I would just add to that that within the network that we're building are very, very prominent security experts, generals from Israel Defense Forces, because obviously naivety cannot be part of any strategy of secure peace. And it is not by chance that the overwhelming majority of security alumni of Israel and international friends in the US, also security establishment, believe that this has to be the way forward for Israel's ultimate security, which is secure peace.

SPEAKER_01:

So what gives you hope? What makes you think that Israel is capable of democratic renewal and moving to a safe society, a fair society and on a pathway to peace?

SPEAKER_00:

I look at a a civil society that when the government went AWOL after October the 7th, who rose up and basically helped the destitute, you know, gave a safe haven to those in trauma, who went to pick oranges on the kibbutzim because the people were had gone off to war, and who made sure that the country rebuilt itself and resurrected itself. I look at Arab doctors who treat Jewish children and Jewish doctors who treat Arab children. I look at the resilience of a society who can at times soar with the angels in terms of what they can achieve and what they have brought to the world. That tells me that it is totally and utterly possible. And there is such potential there.
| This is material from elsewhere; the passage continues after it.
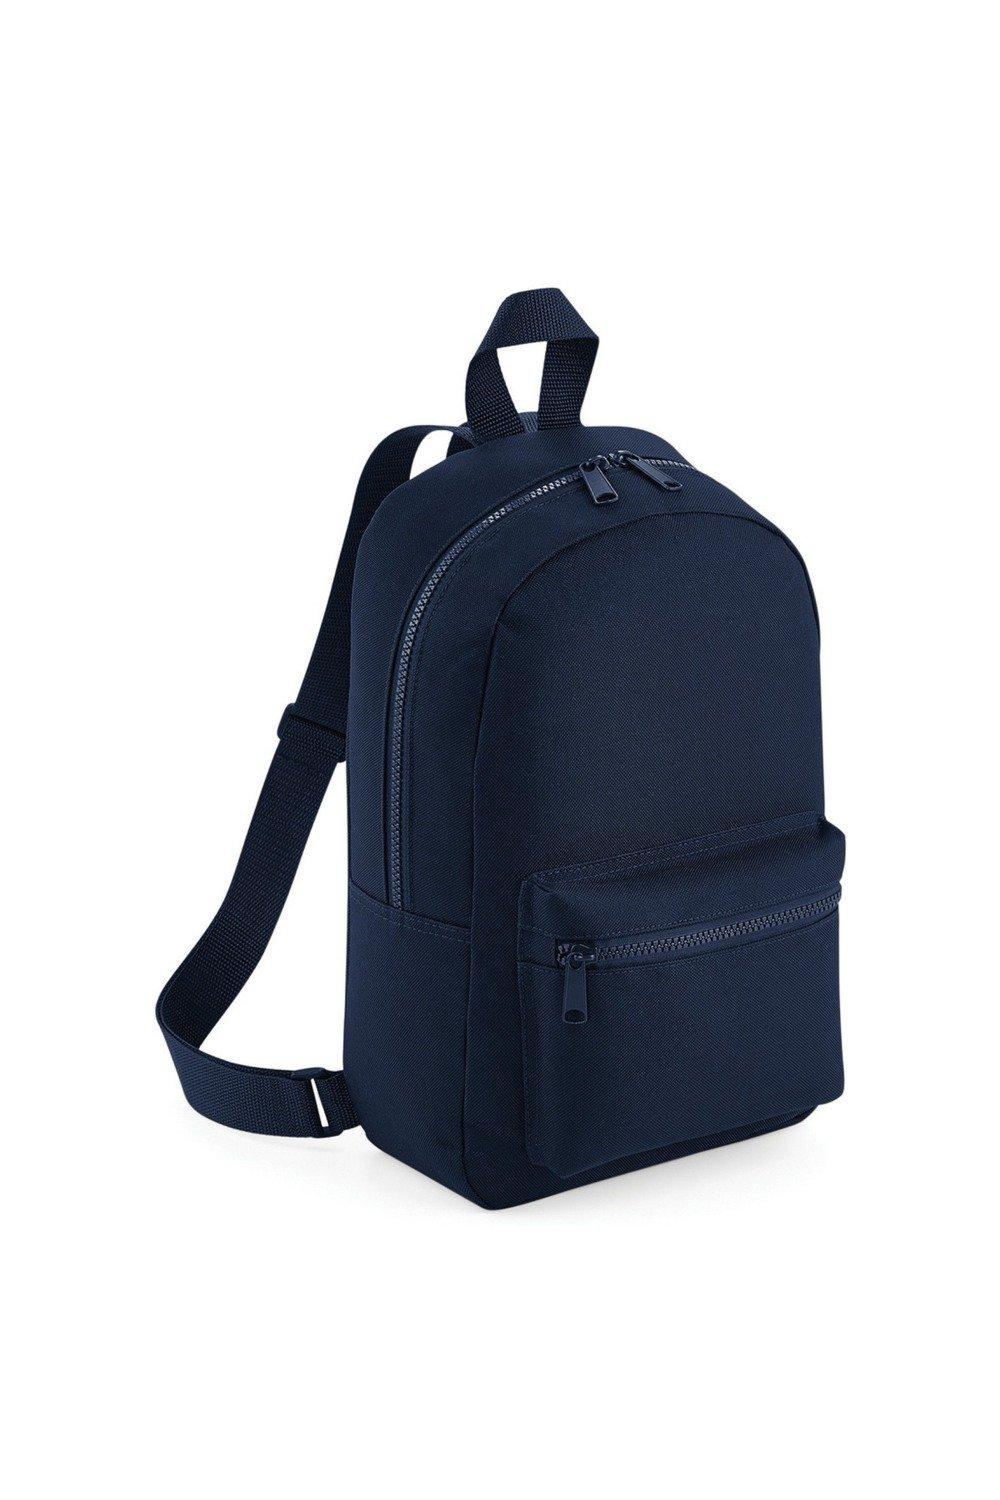 Мини-рюкзак/сумка Essential Essential Bagbase, темно-синий

And the potential is harnessed with hope and with vision and not with hatred and aggression. And we can achieve hope and vision, we will get there.

SPEAKER_03:

There has been a journey, a long, long journey, in which, largely thanks to the work of civil society, in large part supported by the Jewish people and Jewish philanthropy around the world and the generosity of world jury before Israelis had wealth and started their own philanthropy, which is now flourishing, a journey of advancing towards the vision of the founders. I, on the ground, work with citizens of Israel of all backgrounds, and I can assure you that women are not wanting to go back before the 6th of October. Arab citizens of Israel. An Arab citizen of Israel has already been the chairman of Banklumi, Israel's largest bank. My own eyesight was repaired by an Arab surgeon. Thousands of Arab citizens of Israel are now teaching in. Jewish Israeli schools across the school system. So there is progress. The LGBTQ community is freer than certainly anywhere else in the Middle East by a mile. So we are making progress. The occupation, as Mick has said, is a millstone, a tribal millstone, a millstone that is threatening this entire journey. And it has to be addressed. But I am extremely optimistic. The struggle has been incredible. The strength of civil society is inspiring. The courage of our young people, and I think the growing understanding among world jury that you have skin in the game. Because, like it or not, as a liberal Zionist, I absolutely like it. But after the 7th of October, whatever happens in Israel is going to impact world jury. And therefore, if we partner and work together, we will, as the endangered majority, which we are, we will continue Israel's journey and that of Israel's national homeland of the Jewish people and of stronger partnership between Israel and World Jury.

SPEAKER_01:

Thank you for your inspiration and your vision and your work. You've been listening to Sir Mick Davis and Mike Preshka, founders of the London Initiative. We at the Jewish Independent will continue to cover these issues closely, particularly as Israel moves into an election year. Thank you both for speaking up and out and for reminding us of the importance of using our voices to build liberal democracy, fairness, and peace in Israel.